= Dataset excerpt =
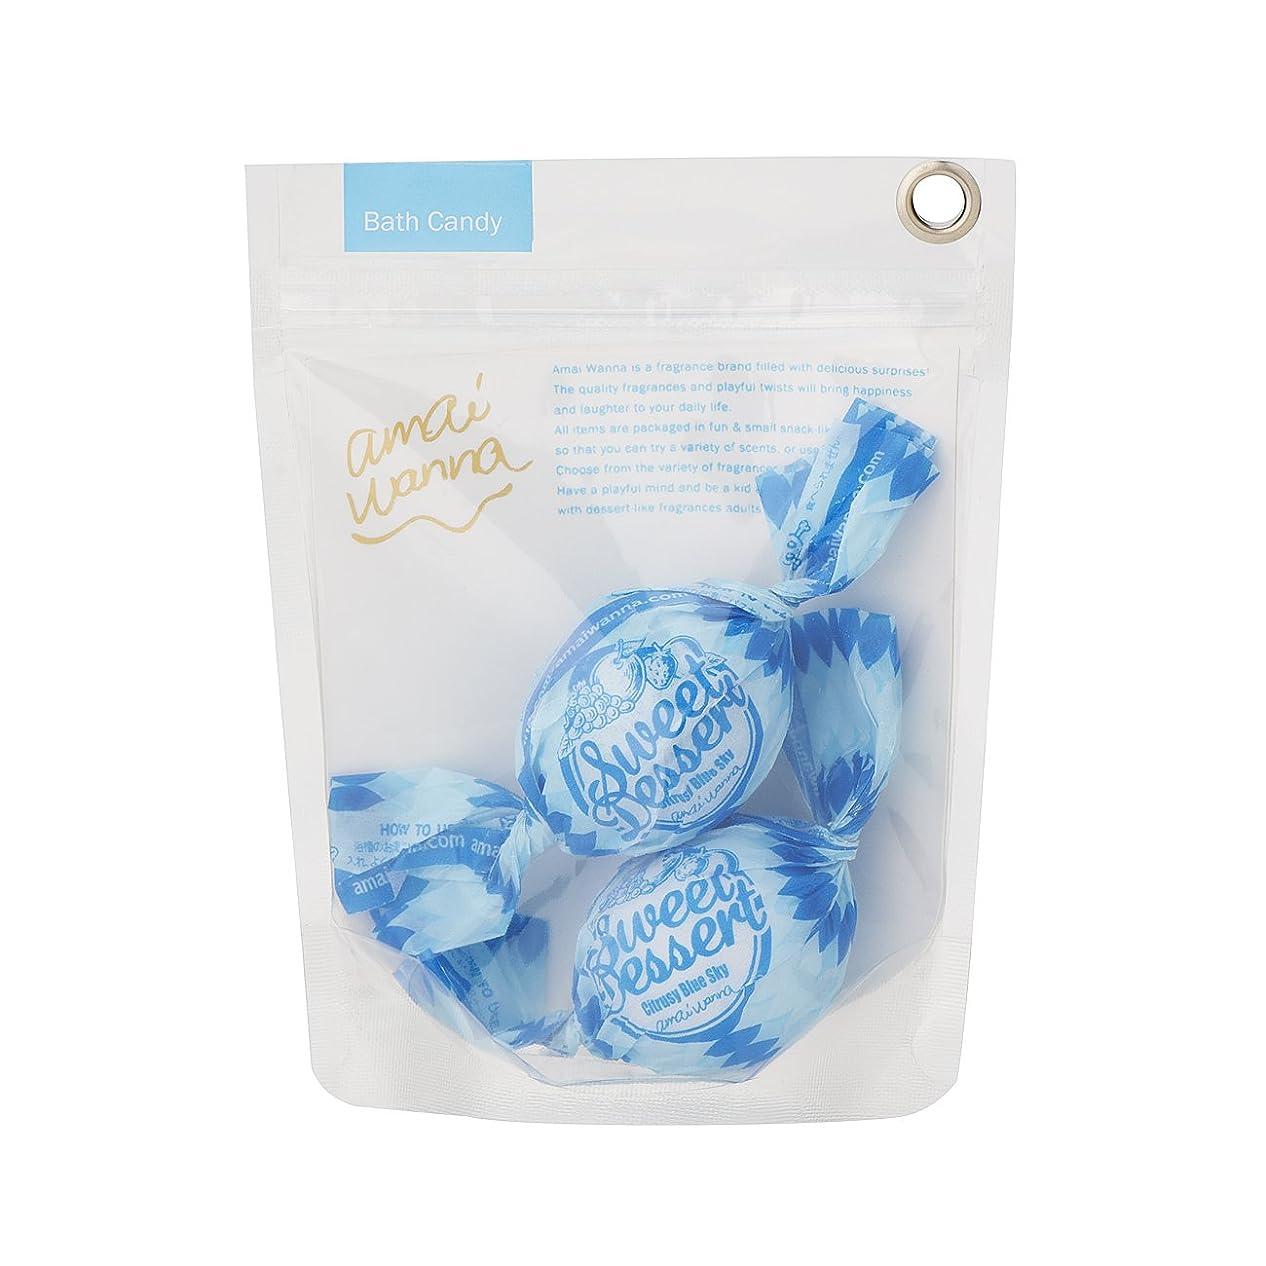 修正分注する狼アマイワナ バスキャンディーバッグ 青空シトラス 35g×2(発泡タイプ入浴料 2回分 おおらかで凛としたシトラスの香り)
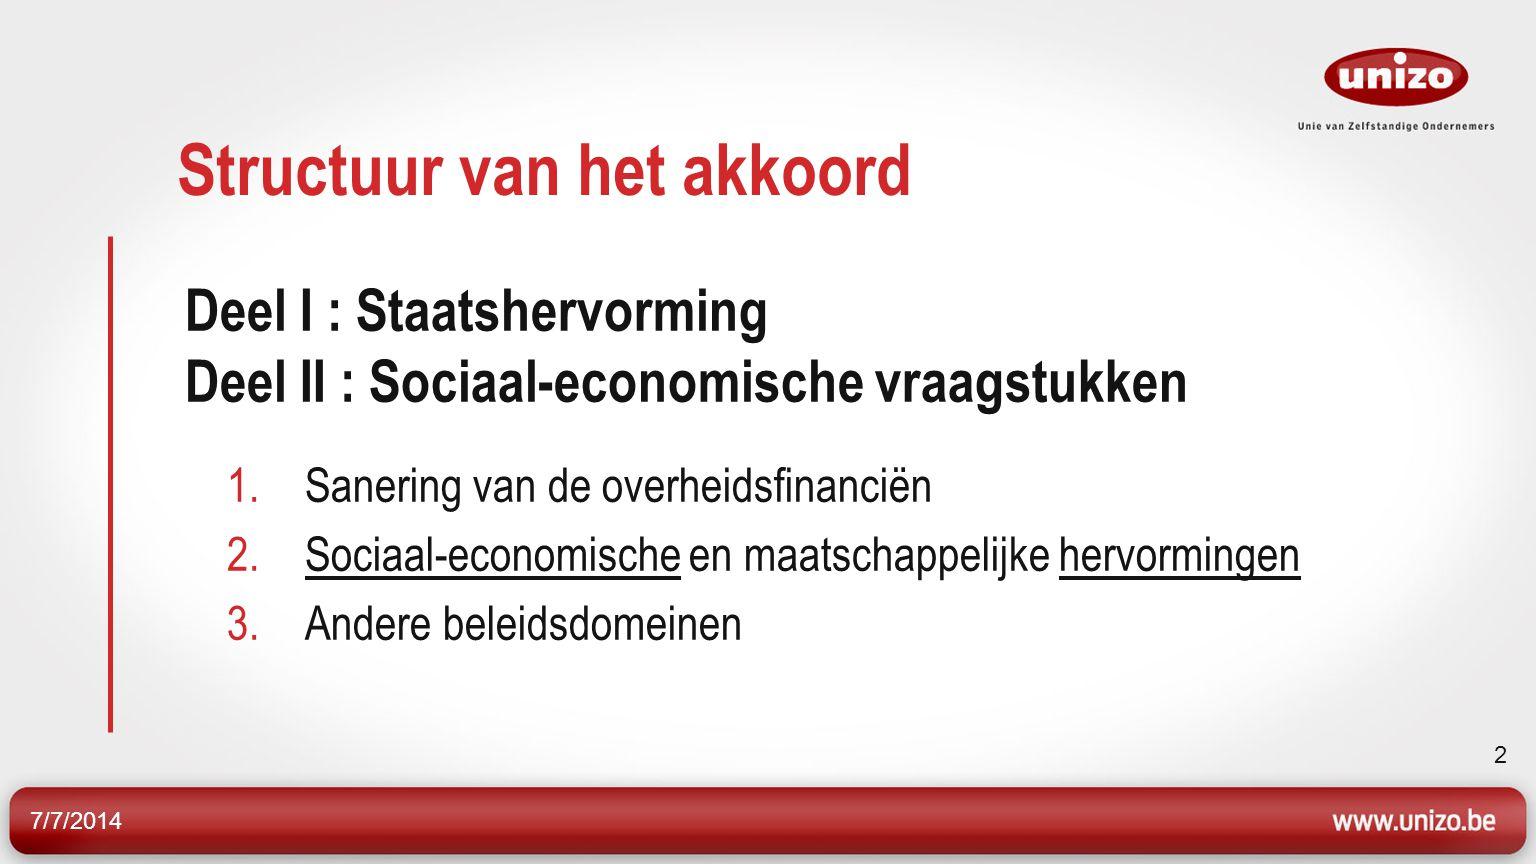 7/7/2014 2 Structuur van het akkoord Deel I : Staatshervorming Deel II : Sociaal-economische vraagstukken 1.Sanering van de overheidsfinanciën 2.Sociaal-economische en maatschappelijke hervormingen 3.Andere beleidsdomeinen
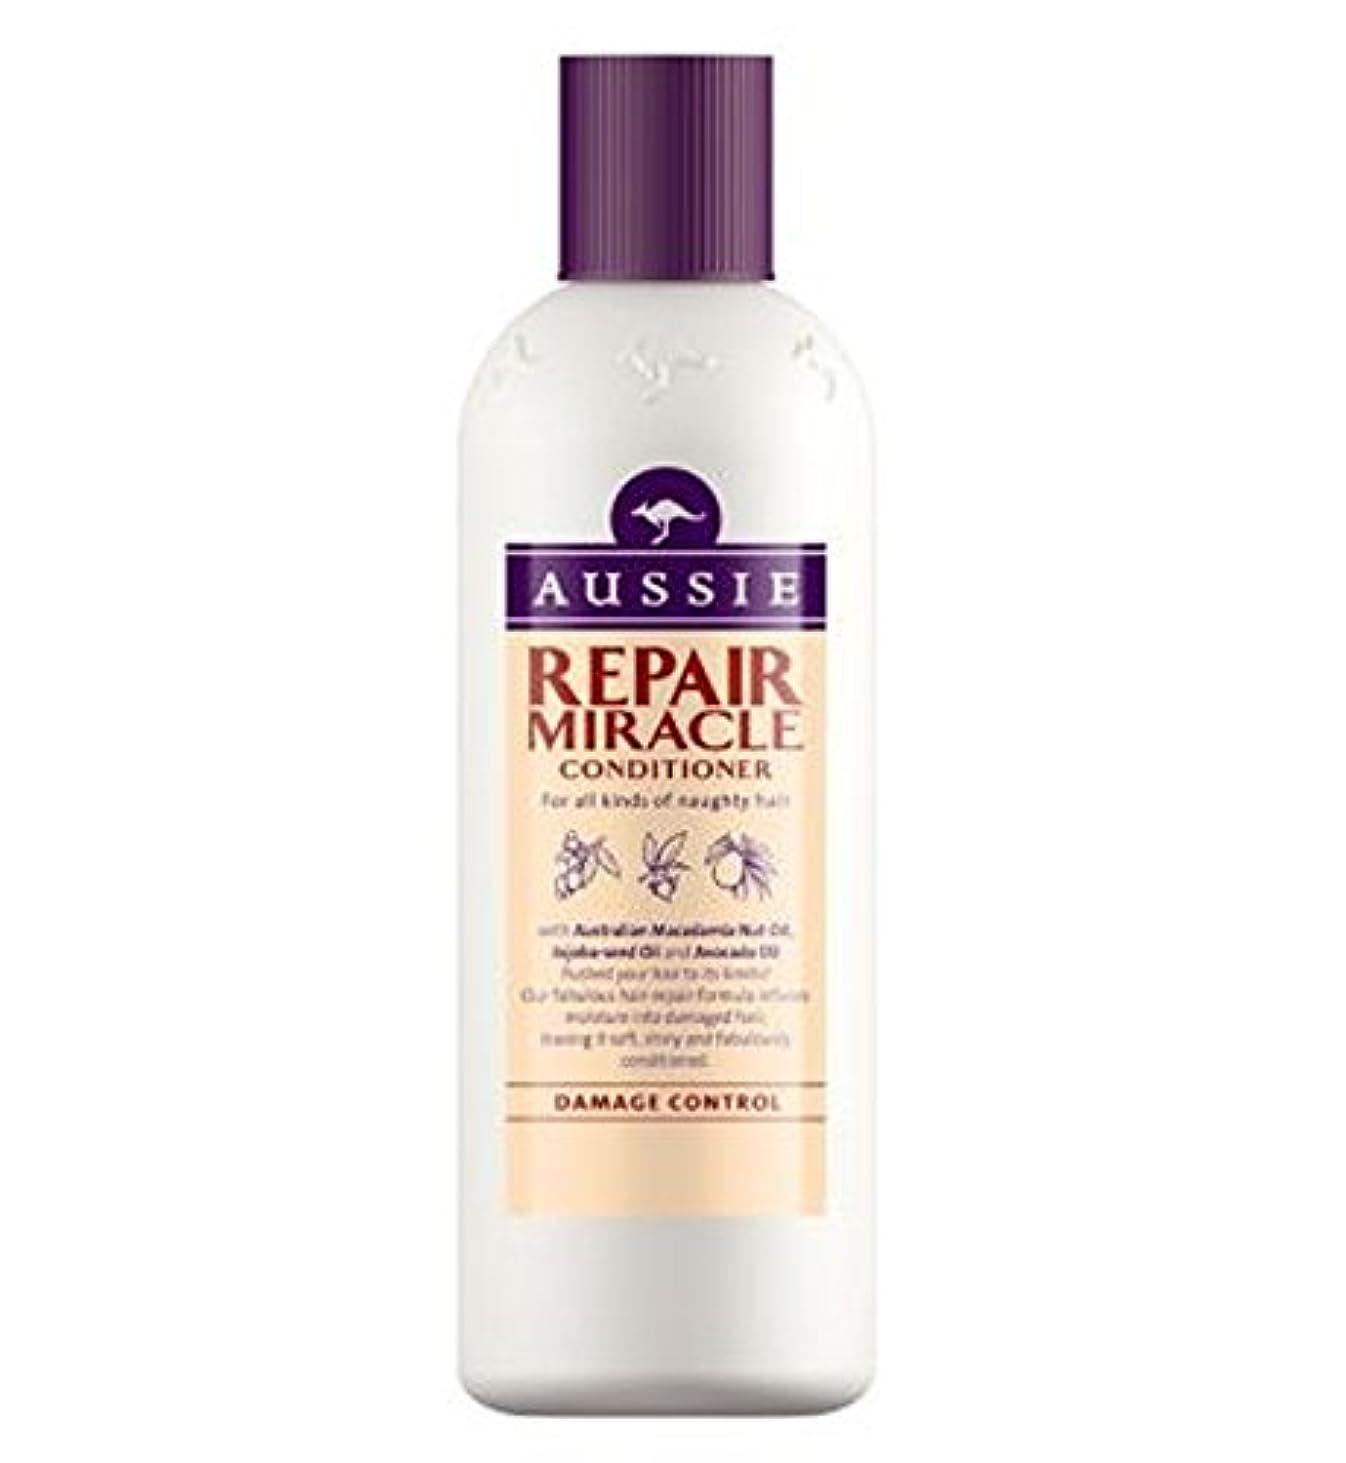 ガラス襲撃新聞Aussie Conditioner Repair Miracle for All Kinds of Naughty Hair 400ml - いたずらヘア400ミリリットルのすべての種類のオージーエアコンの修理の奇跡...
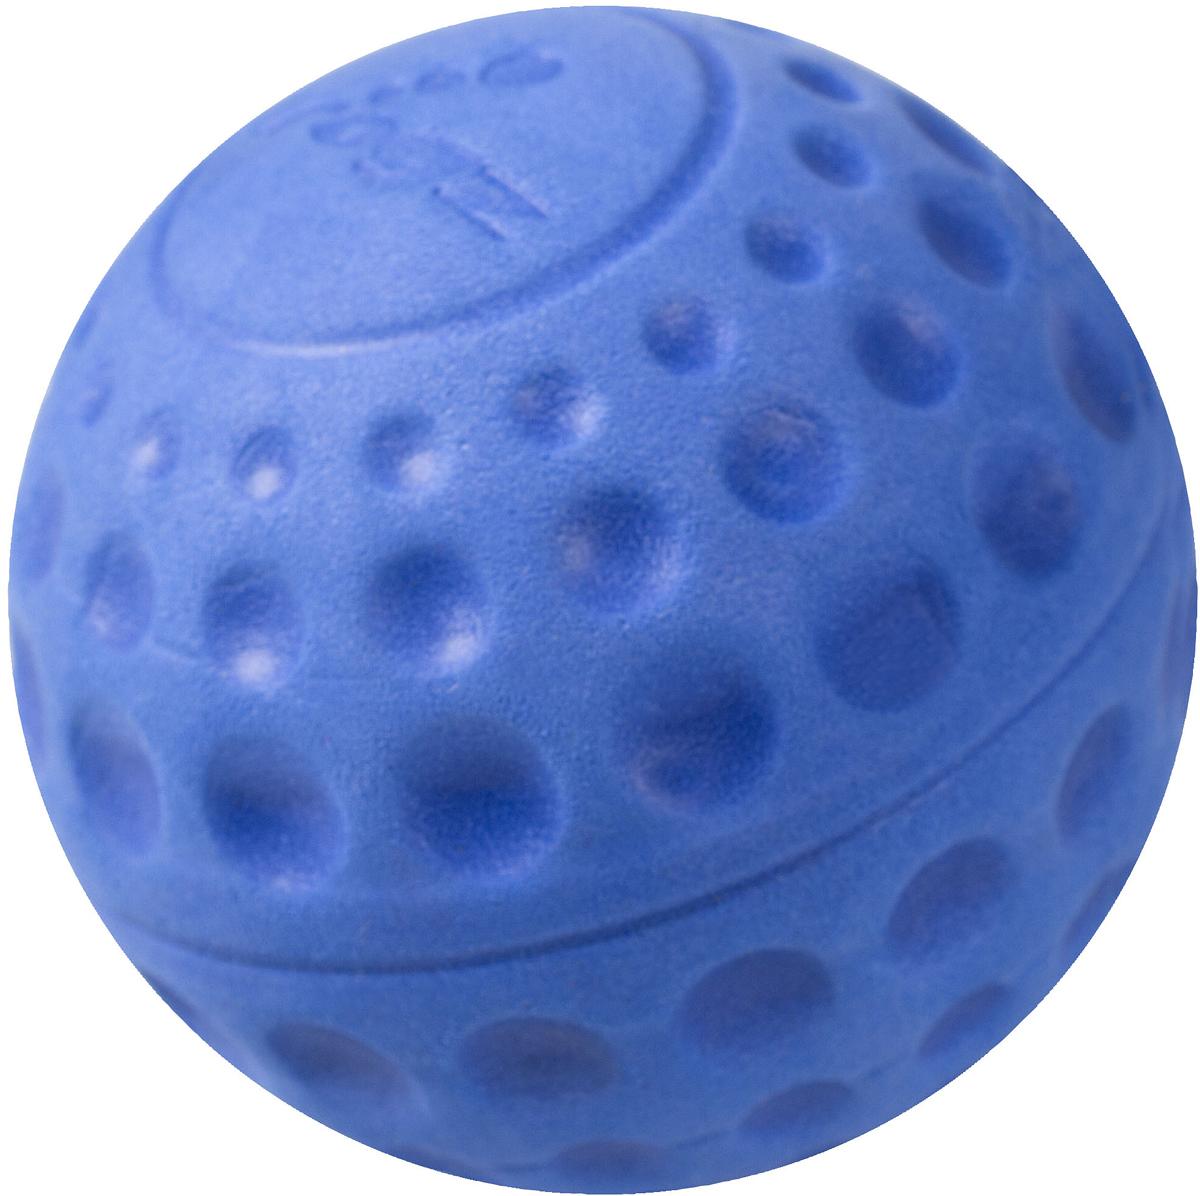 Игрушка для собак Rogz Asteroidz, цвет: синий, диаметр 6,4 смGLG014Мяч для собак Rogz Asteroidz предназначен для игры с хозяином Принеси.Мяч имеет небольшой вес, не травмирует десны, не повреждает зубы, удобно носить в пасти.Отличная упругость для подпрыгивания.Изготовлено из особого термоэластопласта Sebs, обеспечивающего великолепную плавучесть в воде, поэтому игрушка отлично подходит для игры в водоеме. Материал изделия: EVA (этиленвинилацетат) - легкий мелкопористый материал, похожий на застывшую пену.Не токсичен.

= Action item =
May I have only the lines from the start of the data through the line containing "7/7/2014 2 Structuur", both included, reproduced exactly and without the pictures?

= Output of the exercise =
 修正分注する狼アマイワナ バスキャンディーバッグ 青空シトラス 35g×2(発泡タイプ入浴料 2回分 おおらかで凛としたシトラスの香り)
 7/7/2014 2 Structuur van het akkoord Deel I : Staatshervorming Deel II : Sociaal-economische vraagstukken 1.Sanering van de overheidsfinanciën 2.Sociaal-economische en maatschappelijke hervormingen 3.Andere beleidsdomeinen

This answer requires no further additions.